Gold priced in sterling rose as much as 2.2 percent to 1,007.52 pounds an ounce, a seven-week high. The move was driven by the pound, which sank after Prime Minister Theresa May failed to win an overall majority.
In dollars, gold retreated 0.4 percent to $1,273.37 an ounce as the dollar strengthened. Bullion is set for the first weekly loss in a month, sliding 0.5 percent.
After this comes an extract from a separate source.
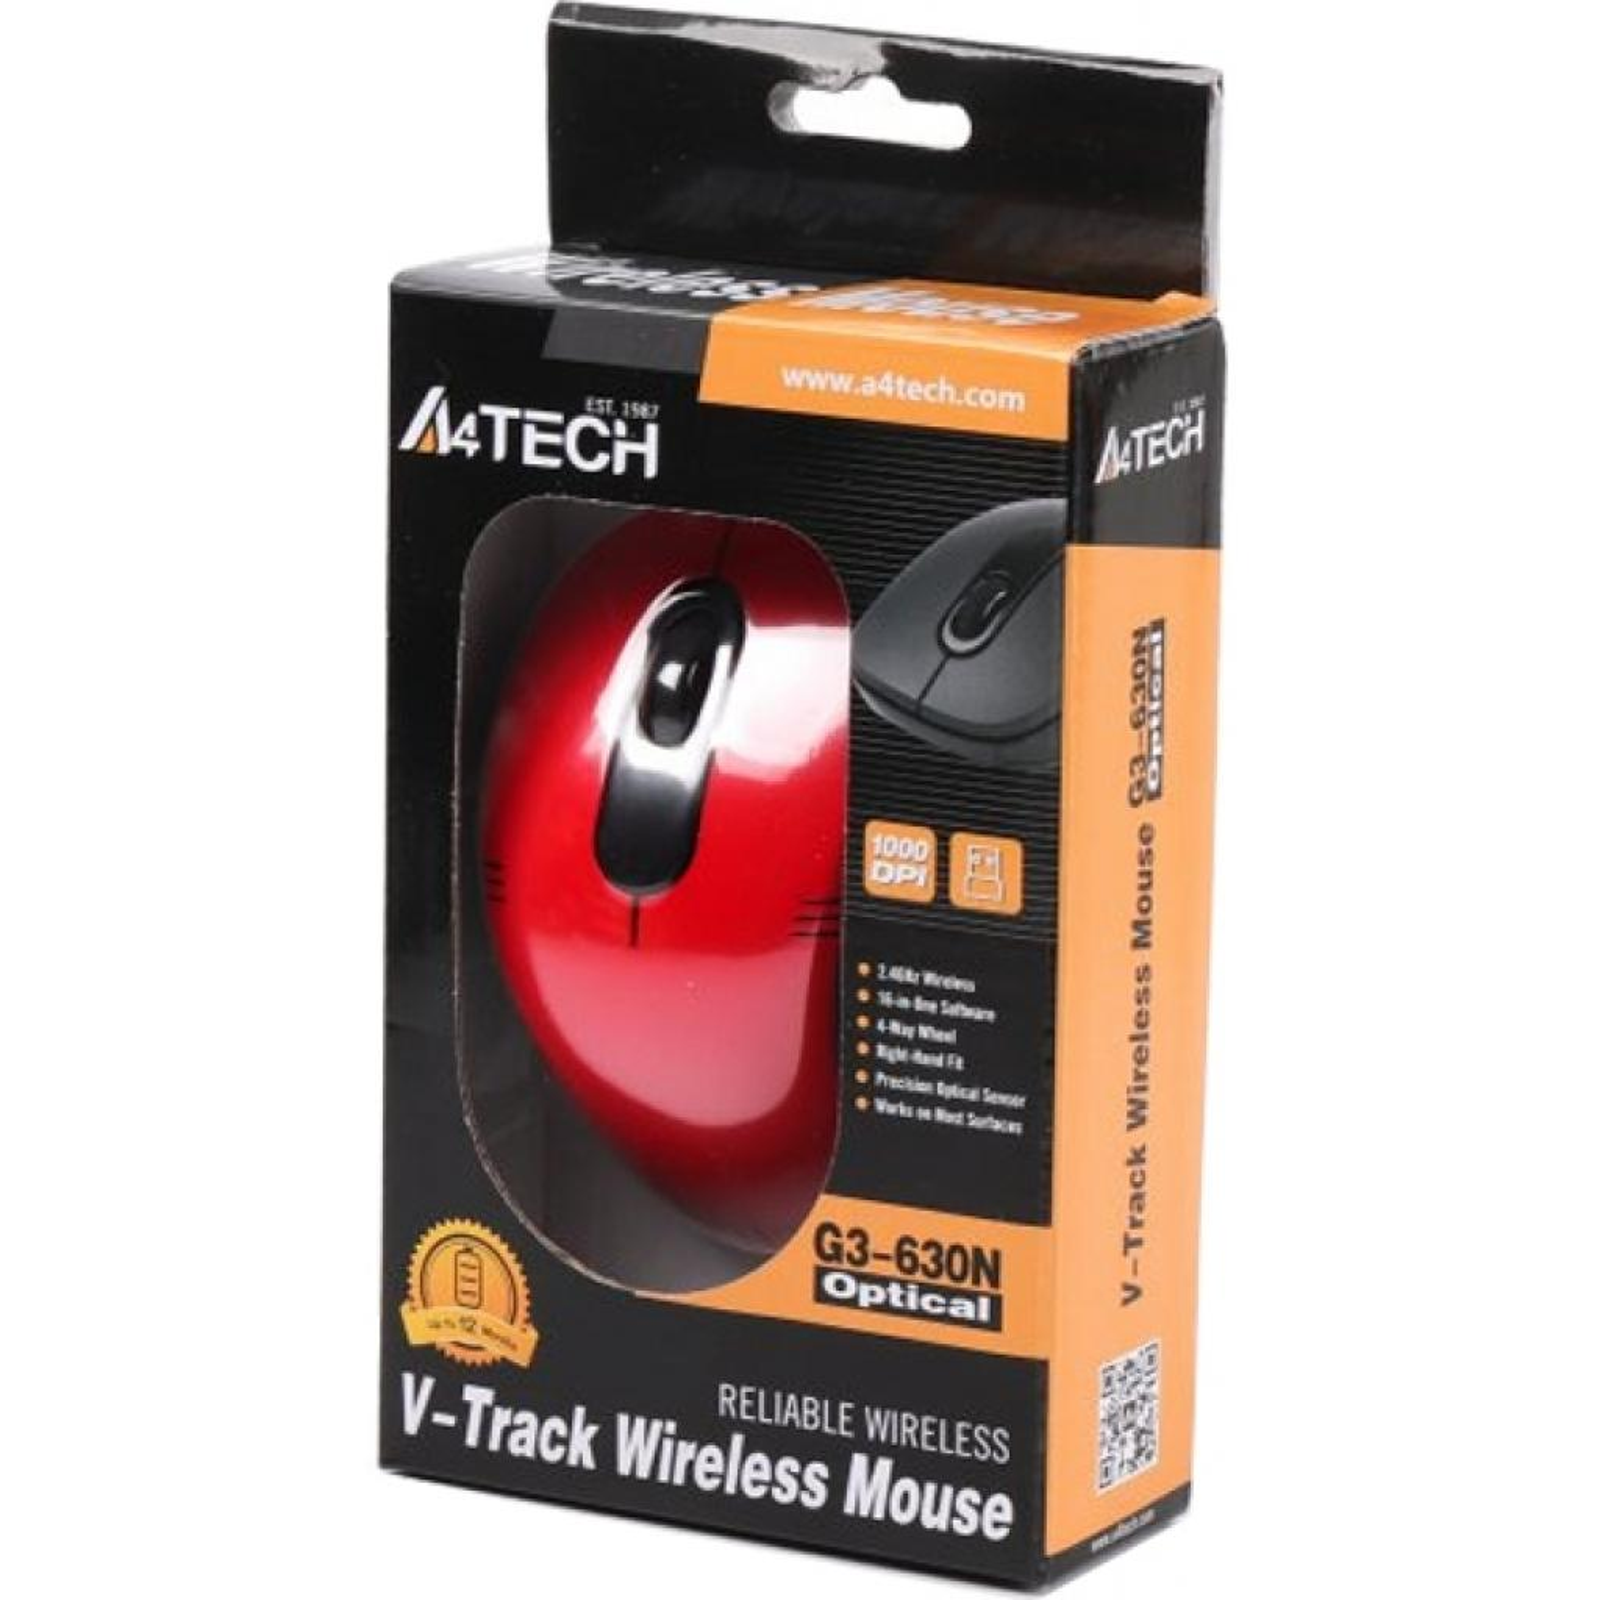 Мышка A4Tech G3-630N Black изображение 5

“The political situation is anything but strong and stable,” said Jonathan Butler, a precious metals strategist at Mitsubishi Corp. in London. “There is quite a bit of potential for support for gold, certainly in sterling and possibly also in dollars, in the near term.”
Some investors took advantage of higher prices for sterling-priced gold to sell positions, according to BullionVault, a London-based online trading platform.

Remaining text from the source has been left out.